The Union of Concerned Scientists is not against the use of open records laws. We fully believe that transparency is a hallmark of a good democracy and of science. And open records laws certainly apply to universities since they are partially funded by taxpayer dollars. Many open records requests at universities are entirely appropriate, especially regarding potentially fraudulent activity, financial conflicts of interest, or ethics violations. Requests for every email an academic has ever written or received, however, rise to the level of harassment.

Open records laws should never be used to harass scientists who are just doing their jobs. Unfortunately, however, today, many industry-backed groups and activists are using open records laws to stifle research they oppose. In this case brought by the GAO group, there is no evidence to suggest even a scintilla of impropriety by the climate experts—they were simply doing their jobs.

Resources for experts who are harassed

If you are an expert who is being harassed or fear that you could be in the future, there are steps you can take to ensure you are protected. Planning in advance, both individually and with colleagues, is essential in managing these types of situations. Scientists who are considering engaging as an expert in climate litigation can refer to a new pocket guide jointly published by the Climate Science Legal Defense Fund and the Union of Concerned Scientists.

If you are subject to a harassing open records request or another type of attack on your research or credibility, it is crucial to be deliberate in the first hours and days after such an attack begins, as this is often when people make the most mistakes in attempting—or not attempting—to engage.
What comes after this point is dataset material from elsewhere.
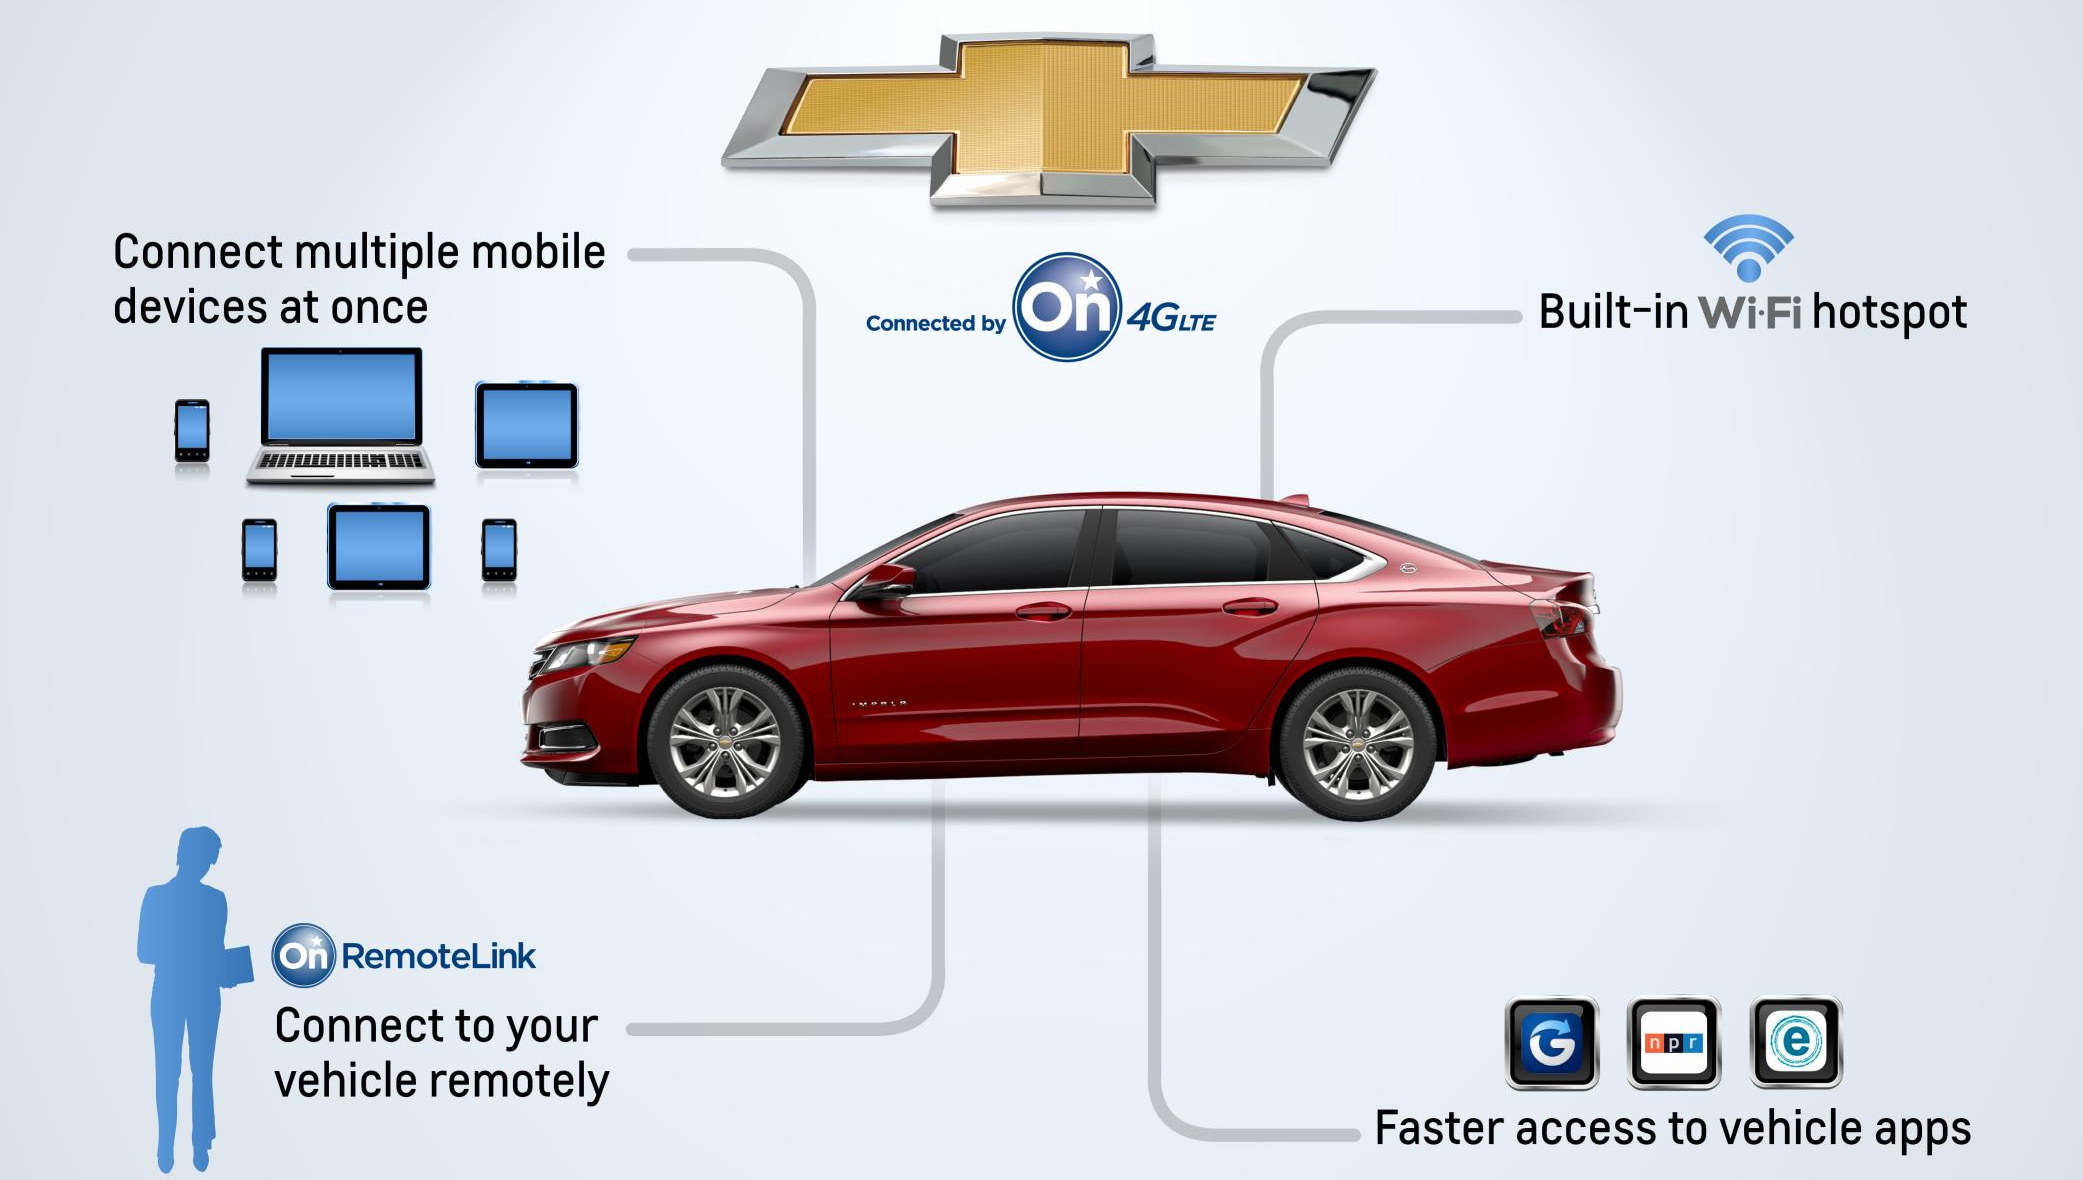 OnStar4G LTE at OnStar to Offer 4G LTE Connection in 2014

The Union of Concerned Scientists has put together a toolkit, updated last year, that provides basic guidance on dealing with harassment as well as legitimate requests for information – you can find that resource here. You may also want to check out Climate Science Legal Defense Fund’s analysis of the existing protections for scientific records, and their applications, in each of the 50 states and the District of Columbia.